Exercise details – Beginning with the line that contains "Atelier Domingo's Block" in the material below, print each line exactly until the line that contains "The Effects of" has been printed, then stop.

Given information –

Segment Open

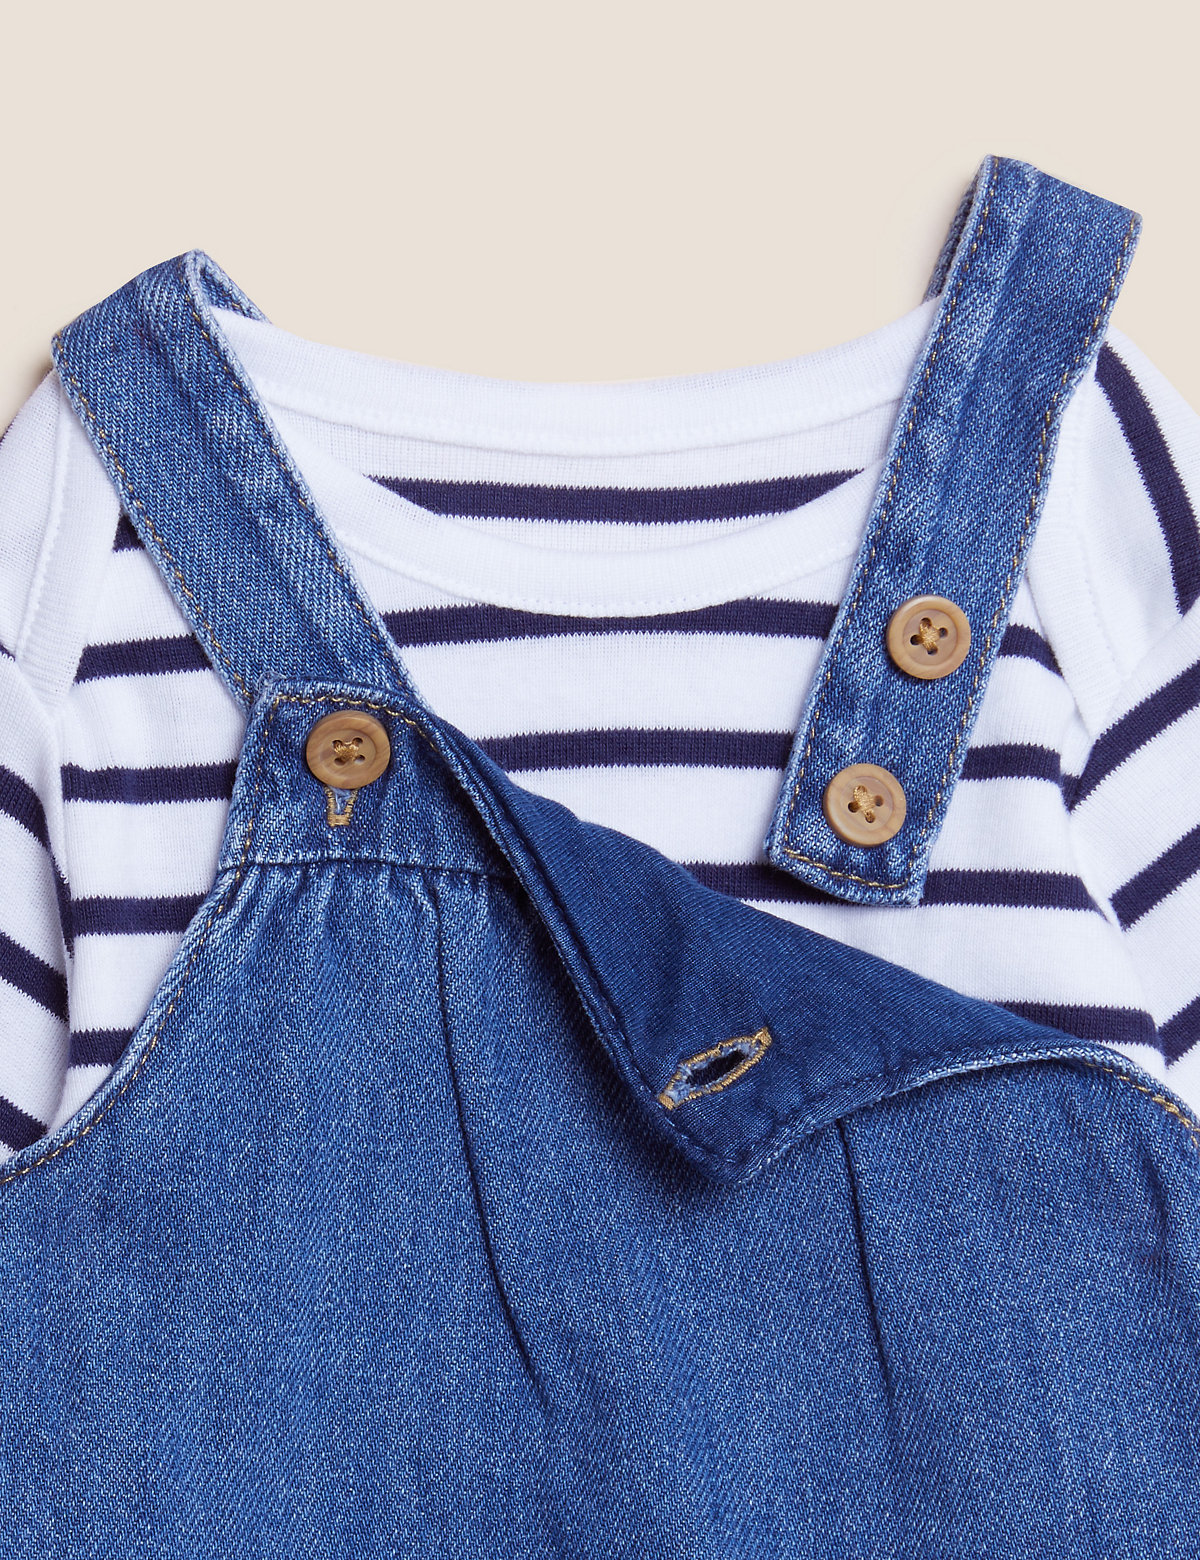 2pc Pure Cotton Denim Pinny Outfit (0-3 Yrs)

Segment Closed
Segment Open

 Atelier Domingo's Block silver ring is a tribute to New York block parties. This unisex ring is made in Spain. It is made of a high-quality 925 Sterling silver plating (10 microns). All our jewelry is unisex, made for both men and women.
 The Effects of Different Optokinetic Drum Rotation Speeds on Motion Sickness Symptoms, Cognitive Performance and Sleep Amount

Segment Closed

Task answer –
 Atelier Domingo's Block silver ring is a tribute to New York block parties. This unisex ring is made in Spain. It is made of a high-quality 925 Sterling silver plating (10 microns). All our jewelry is unisex, made for both men and women.
 The Effects of Different Optokinetic Drum Rotation Speeds on Motion Sickness Symptoms, Cognitive Performance and Sleep Amount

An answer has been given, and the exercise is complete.